NCT number NCT02743195
Other study ID # 16-PHX-0001
Secondary ID 16PMHN
Status Completed
Phase N/A
First received April 11, 2016
Last updated August 2, 2016
Start date March 2016
Est. completion date June 2016

Study information

Verified date August 2016
Source Pharmanex
Contact n/a
Is FDA regulated No
Health authority Canada: Health CanadaCanada: Institutional Review Board
Study type Interventional

Clinical Trial Summary

The gastrointestinal (GI) ecosystem is a complex network of bacterial cells, host cells and tissues that change with age. Fewer numbers and less diversity of beneficial bacteria and greater number and diversity of non-beneficial bacteria occurs with age and conditions associated with accelerated aging (i.e. obesity, high fat diet)(1,2). This imbalance of the microbiota contributes to increased inflammation of the gastrointestinal lining and changes to the integrity of the intestinal cell wall.

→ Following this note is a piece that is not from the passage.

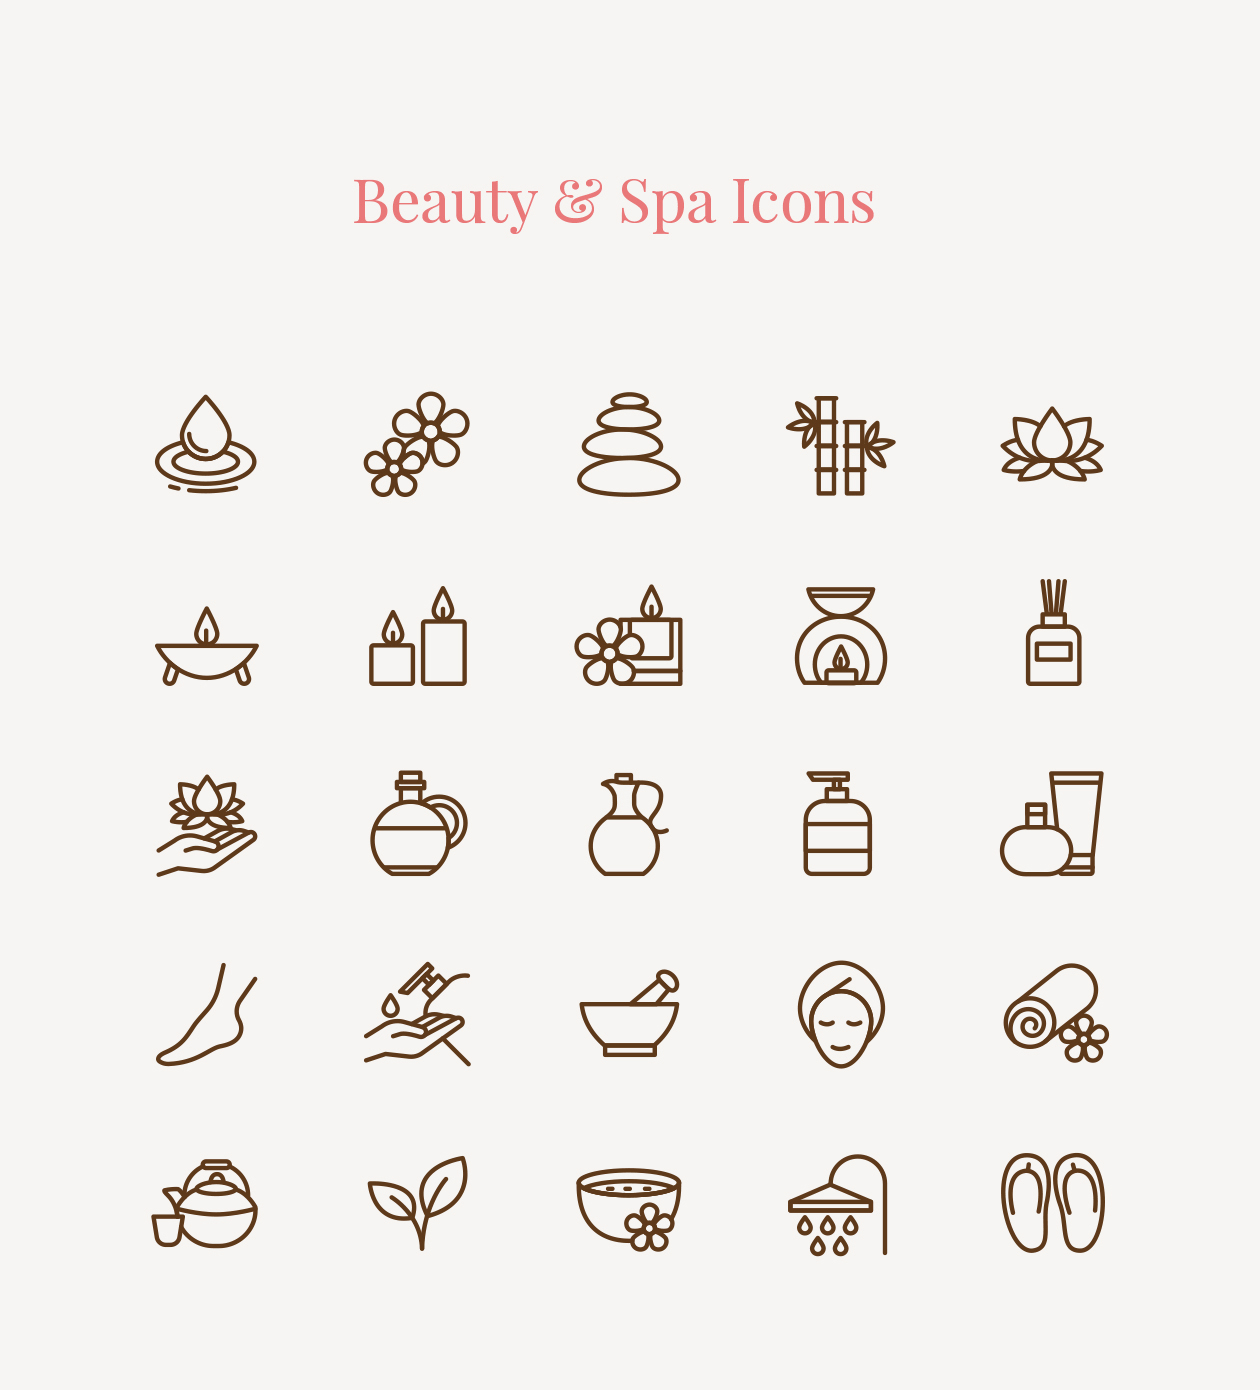 美容护肤SPA主题矢量线性图标素材 Beauty & Spa Icons插图

Prebiotics, such as non-digestible carbohydrates, can induce the growth or activity microorganisms that contribute to the well-being of the host. Recent studies have shown that prebiotic treatment can have beneficial effects on glucose levels, lipid metabolism, and inflammatory markers in an obese population(3). The polyphenol blend is rich in anthocyanins, which is a unique subgroup of flavonoids that have been demonstrated to impact the microbiome and have anti-inflammatory properties(4,5,6,7). This open-label study will assess the benefits of a prebiotic and polyphenol blend in healthy obese adults.


Recruitment information / eligibility

Status Completed
Enrollment 51
Est. completion date June 2016
Est. primary completion date June 2016
Accepts healthy volunteers Accepts Healthy Volunteers
Gender Both
Age group 20 Years to 60 Years
Eligibility Inclusion Criteria:

1. Males and Females 20-60 years of age

2. Female subjects of childbearing potential must agree to use a medically approved method of birth control and have a negative urine pregnancy test result. Acceptable methods of birth control include:

Hormonal contraceptives including oral contraceptives, hormone birth control patch (Ortho Evra), vaginal contraceptive ring (NuvaRing), injectable contraceptives (Depo-Provera, Lunelle), or hormone implant (Norplant System)

Double-barrier methods

Non-hormonal intrauterine devices

Vasectomy of partner

Non-heterosexual lifestyles

3. Subjects with BMI of 29.9-39.9±1 kg/m²

4. Subjects who agree to maintain their current level of physical activity throughout the trial period

5. Subjects who agree to discontinue the use or pre- and probiotic and/or polyphenol supplements from four weeks prior to baseline and for the duration of the study

6. Subjects who agree to discontinue foods containing anthocyanins (such as blueberries, blackberries, cherries, grapes, grape juice, pomegranate, raspberries, huckleberries, strawberries, and wine) from two weeks prior to baseline and for the duration of the study

7. Healthy as determined by laboratory results and medical history

8. Subjects must agree to comply with study procedures

9. Has given voluntary, written, informed consent to participate in the study

Exclusion Criteria:

1. Women who are pregnant, breastfeeding, or planning to become pregnant during the course of the trial.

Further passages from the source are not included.